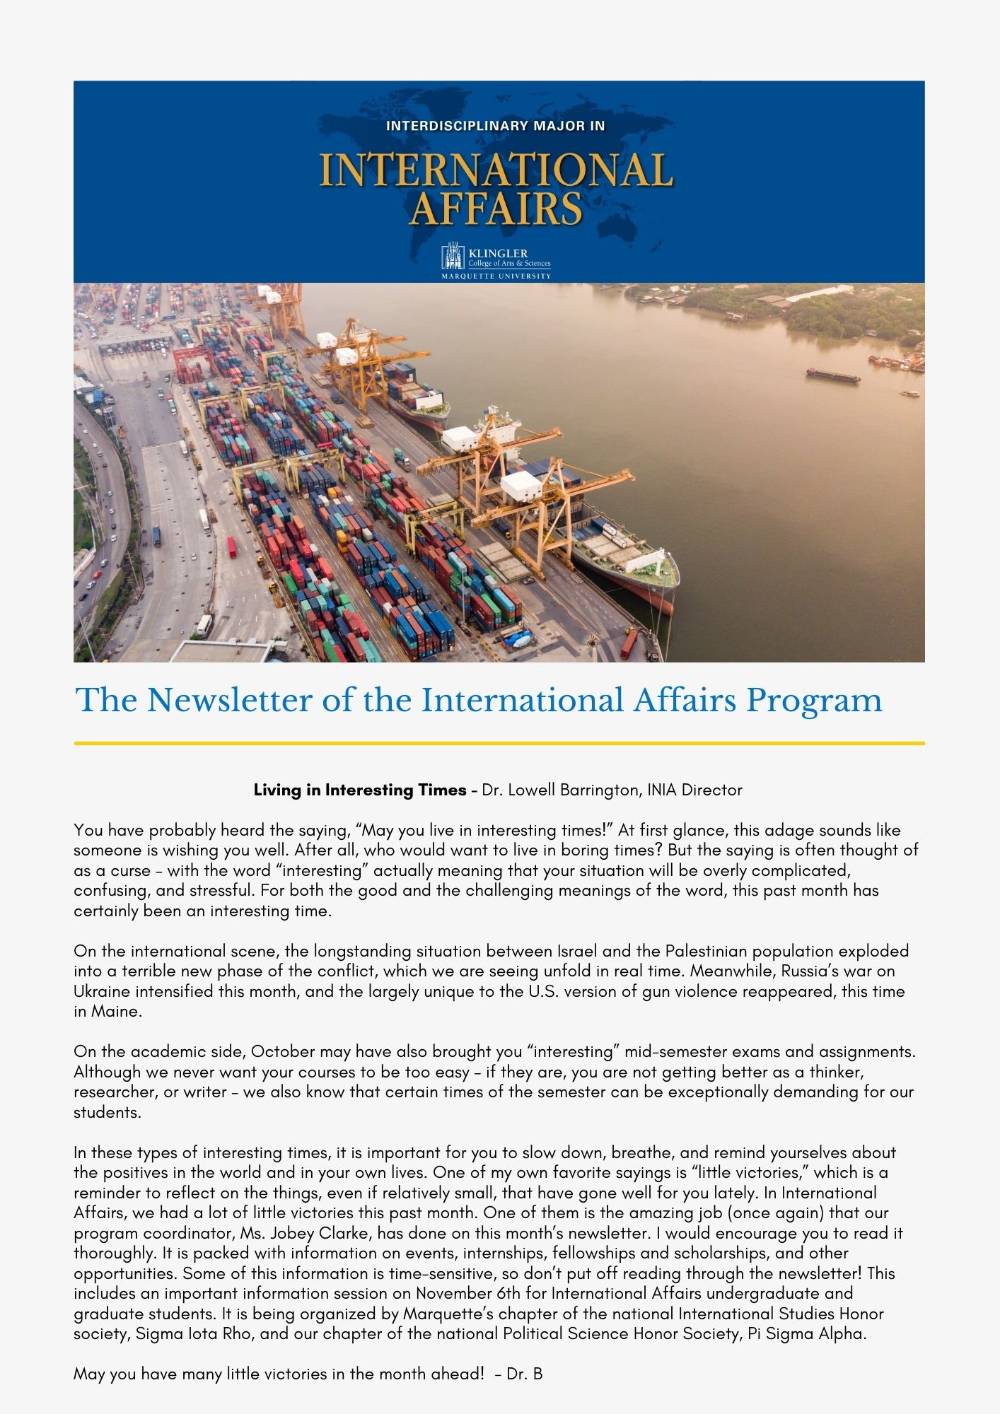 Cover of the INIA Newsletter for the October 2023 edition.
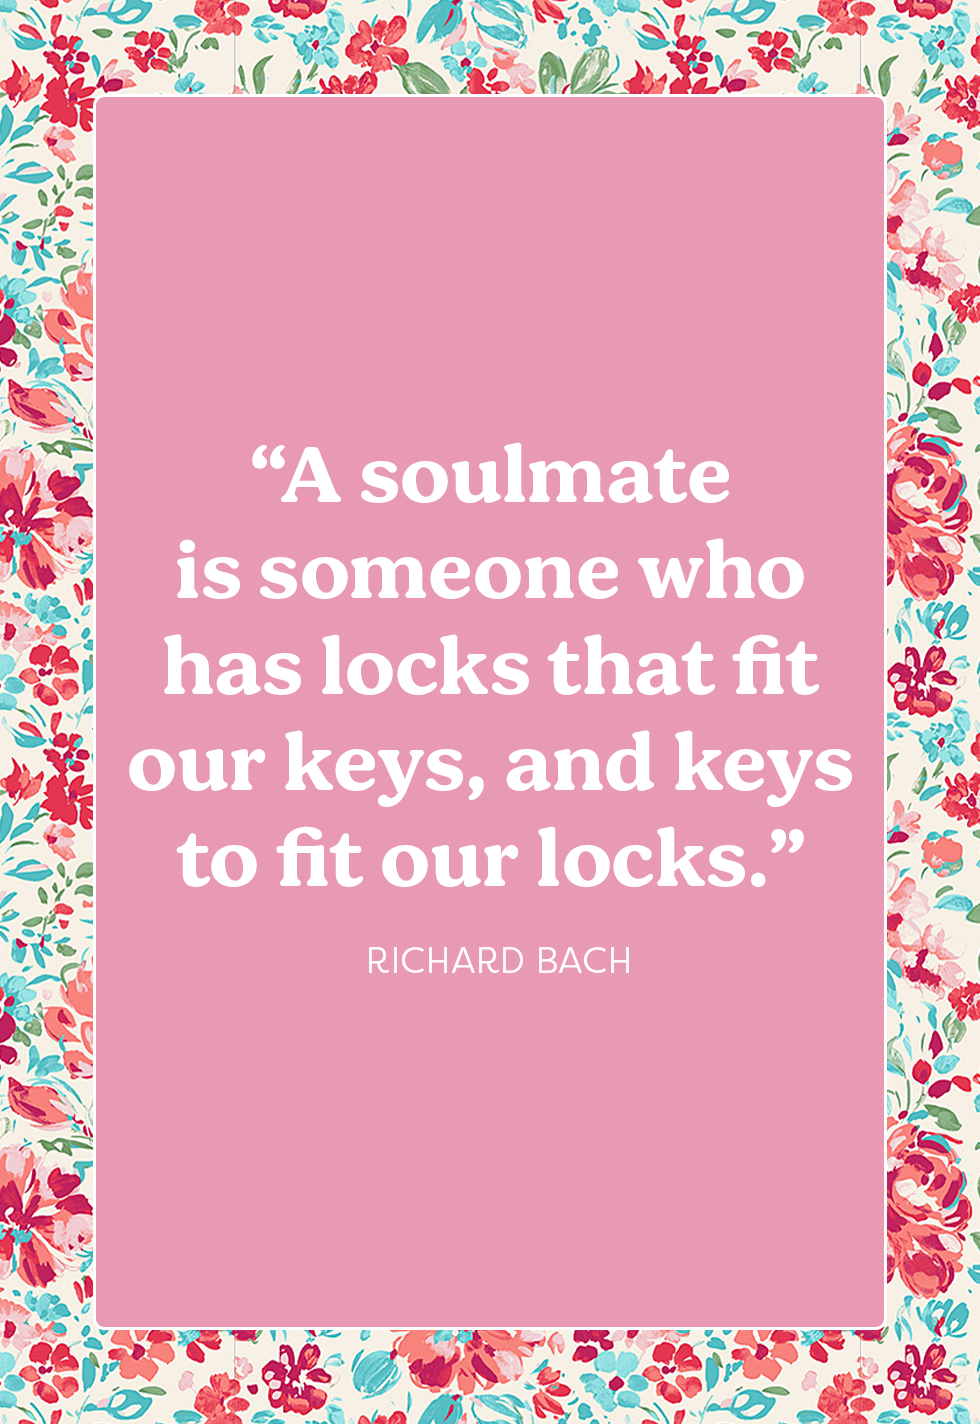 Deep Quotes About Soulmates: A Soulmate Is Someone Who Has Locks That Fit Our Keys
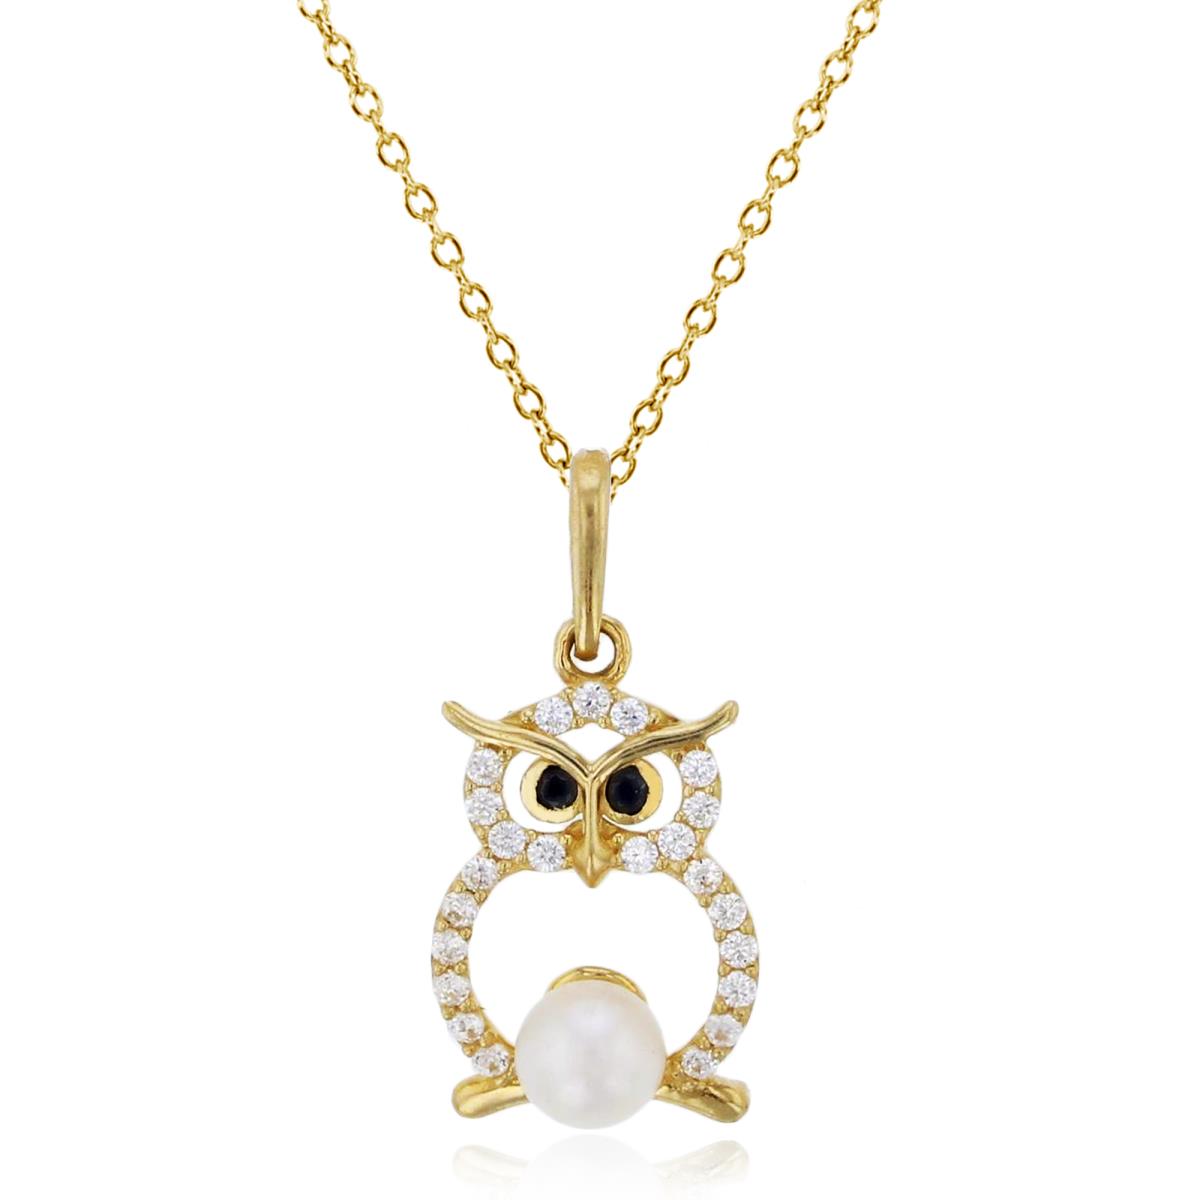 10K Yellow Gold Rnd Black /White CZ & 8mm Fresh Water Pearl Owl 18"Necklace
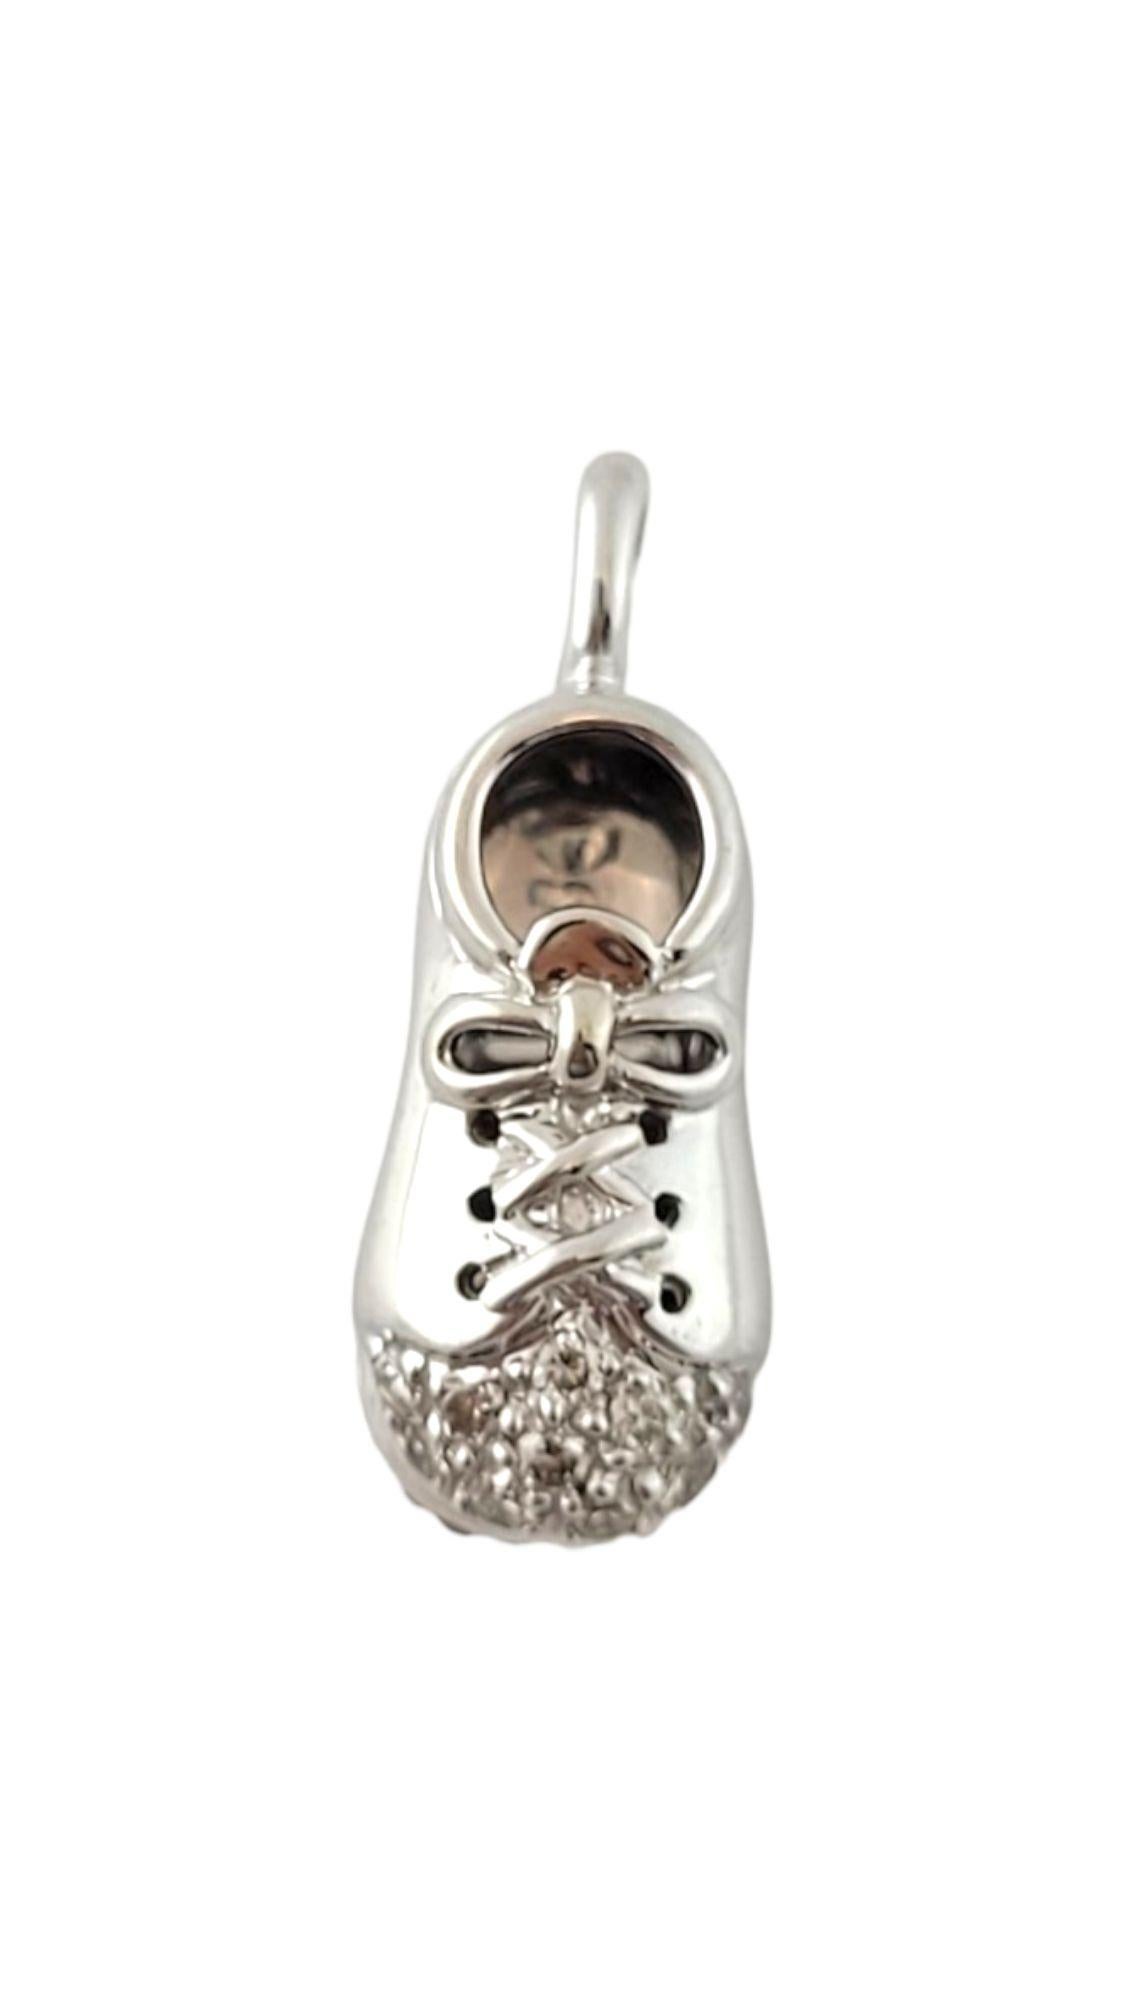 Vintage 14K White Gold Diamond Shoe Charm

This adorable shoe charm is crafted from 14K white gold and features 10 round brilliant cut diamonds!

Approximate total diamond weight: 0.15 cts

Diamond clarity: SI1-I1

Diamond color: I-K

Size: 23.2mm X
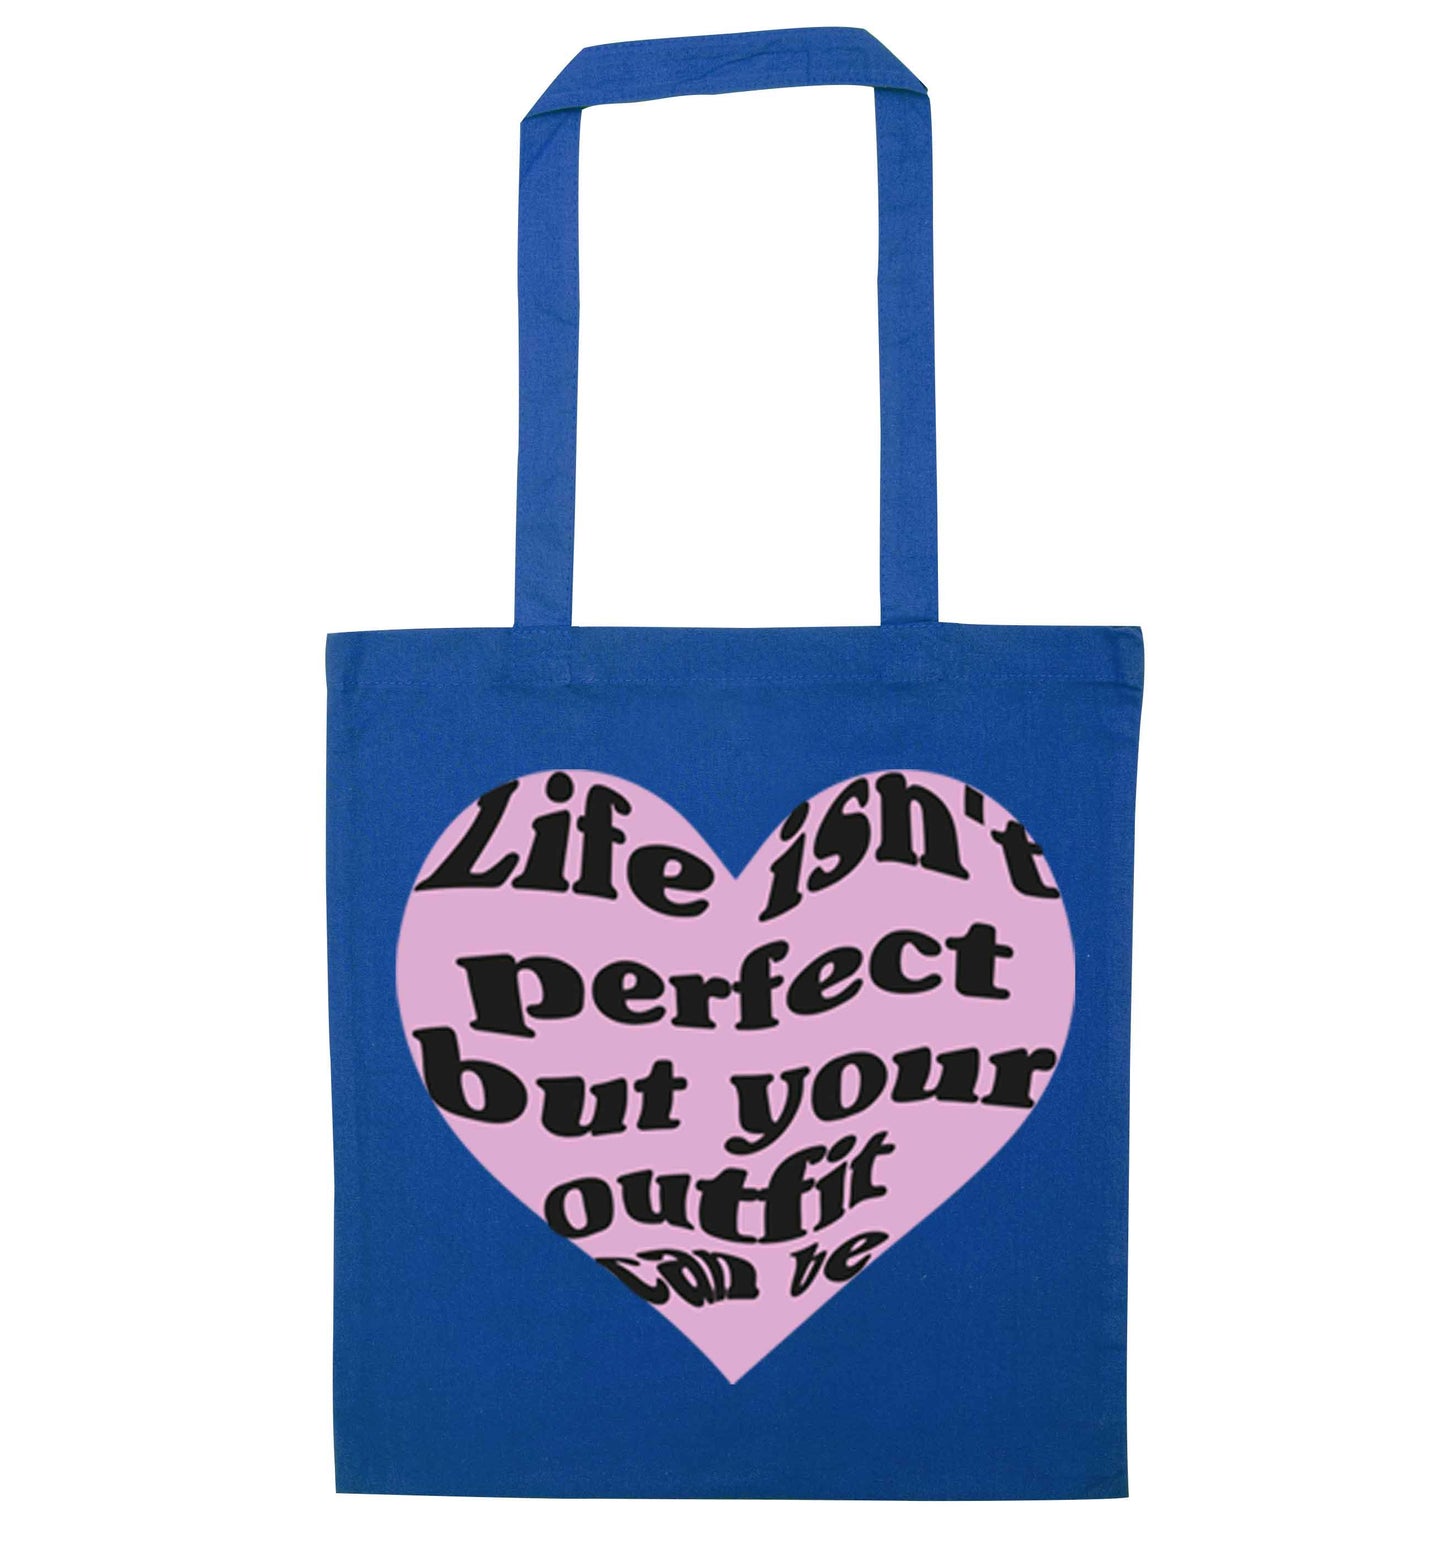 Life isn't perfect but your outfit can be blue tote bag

WHAT NEEDS TO BE DONE: From top to bottom, restate the records above exactly and omit every picture.

ANSWER TO THIS PROBLEM:
 Cover of the INIA Newsletter for the October 2023 edition.
 Deep Quotes About Soulmates: A Soulmate Is Someone Who Has Locks That Fit Our Keys
 10K Yellow Gold Rnd Black /White CZ & 8mm Fresh Water Pearl Owl 18"Necklace
 Vintage 14K White Gold Diamond Shoe Charm

This adorable shoe charm is crafted from 14K white gold and features 10 round brilliant cut diamonds!

Approximate total diamond weight: 0.15 cts

Diamond clarity: SI1-I1

Diamond color: I-K

Size: 23.2mm X
 Life isn't perfect but your outfit can be blue tote bag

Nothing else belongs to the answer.